Have I mentioned how much I love my community garden?
It’s such a peaceful place – a quiet piece of Eden in a busy, busy corner of Missoula.
I pick up our share on Monday afternoons after I leave work, and despite knowing my destination is one of my favorite places, I always quietly dread the drive.
Normally, I surpass the bumper-to-bumper traffic on Missoula’s famously congested Reserve Street by hopping on the interstate and taking a less-direct, but quicker, route home.
On Mondays, though, I must face the beast that is Reserve head-on. There’s no other way to get to the garden from my workplace because there are only so many bridges that cross the Clark Fork.
I breathe deeply and listen to music on the way, trying not to care about how much gas I’m wasting (this worry is of course directly tied to my guilt about my dependency on my car and the Gulf Oil Spill) in the barely crawling traffic, or the oppressive 90-degree heat that makes my car’s less-than-perfect air conditioning system work, feebly, on overdrive. I smile at other drivers, I sing along, loudly and badly, to the radio, I wave people ahead of me, I try to notice some sort of nature (birds, a bit of greenery) in the concrete jungle.

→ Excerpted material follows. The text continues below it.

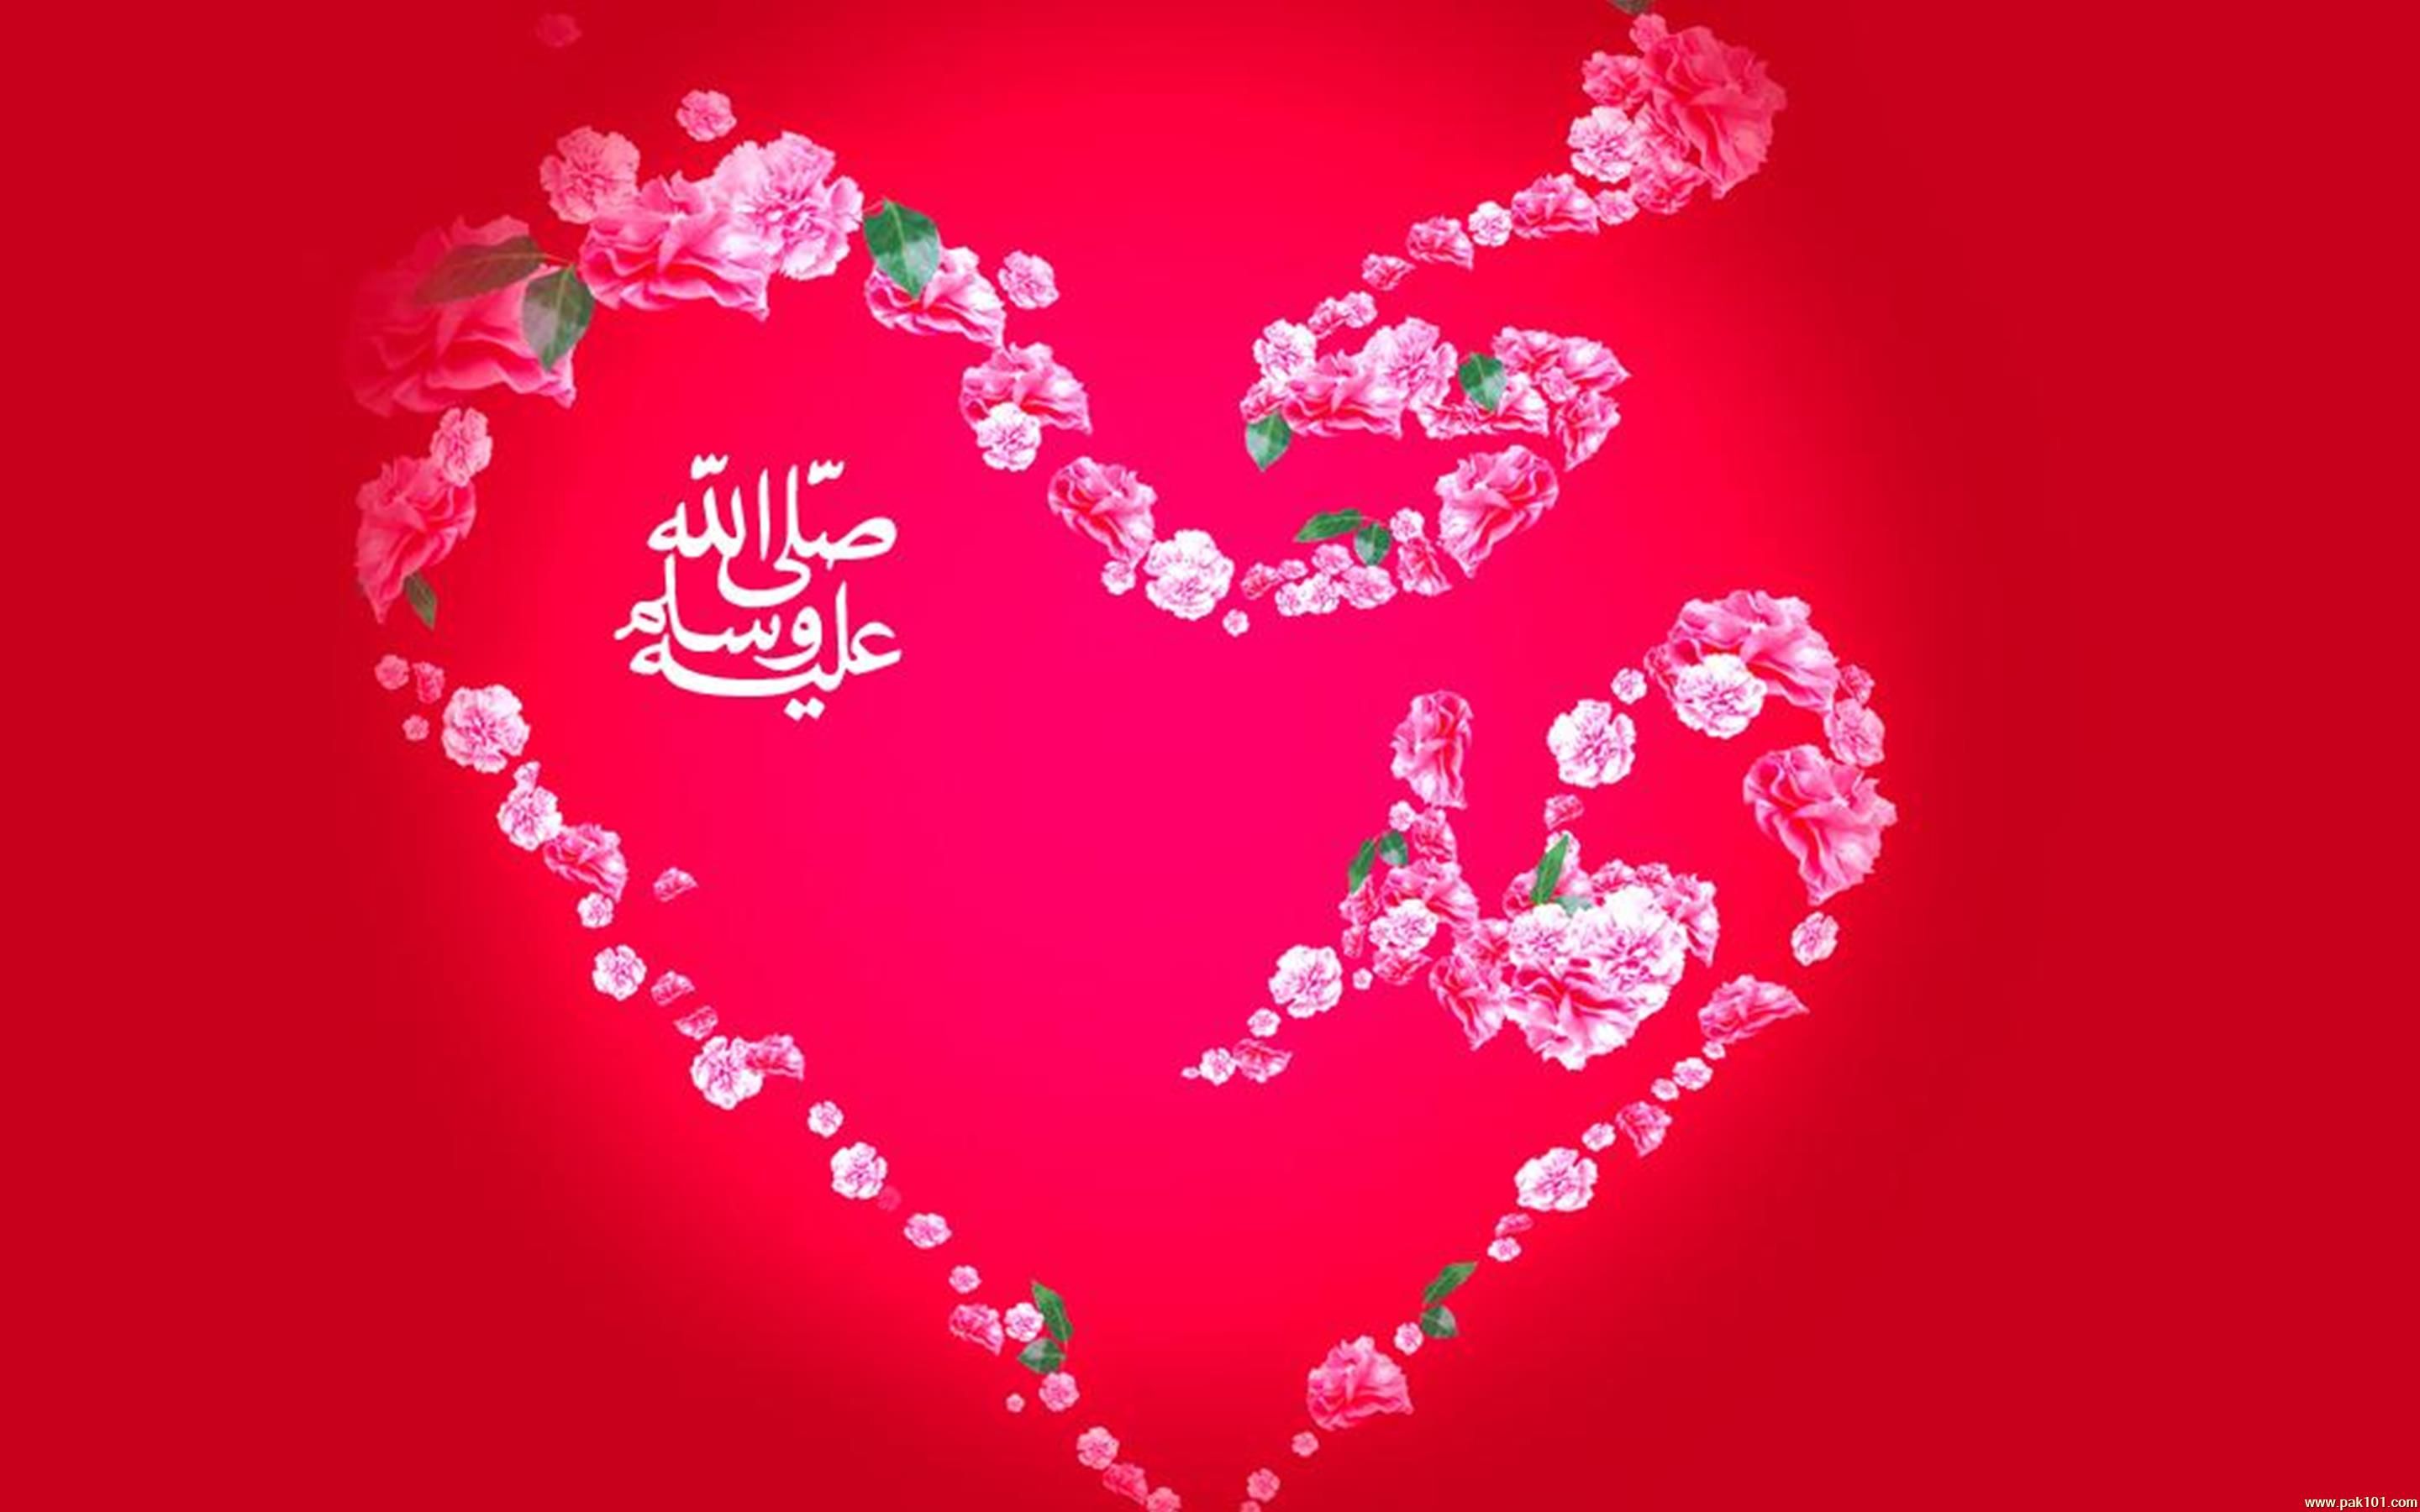 Wallpaper > Islamic > Prophet Muhammad (P.B.U.H) high quality! Free download 1024x768

I do all of these things, and my hands are still tense on the steering wheel by the time I get to my turn off, the aptly named River Road, where pavement gives way to lawns and gardens and fields and forests. Within moments, I’m at the garden, and my tension slips away.
Inside the cool, shaded barn, the week’s produce is arranged on a table, and everyone’s share is listed on a white board. The garden manager, Sarah, greets everyone with a smile and is always open to questions of “What exactly, is this?” or “How do you recommend cooking that?”
Later in the summer, I’ll go out into the garden to clip flowers, and I’ll be astounded at how the noise from Reserve, which borders the garden, is muted, and instead the buzz of bees and chatter of garden helpers and tenders only occasionally breaks the peaceful silence of growing.
I hoard these moments – these quiet moments of community and connection to the Earth – so I can survive those hours on Reserve.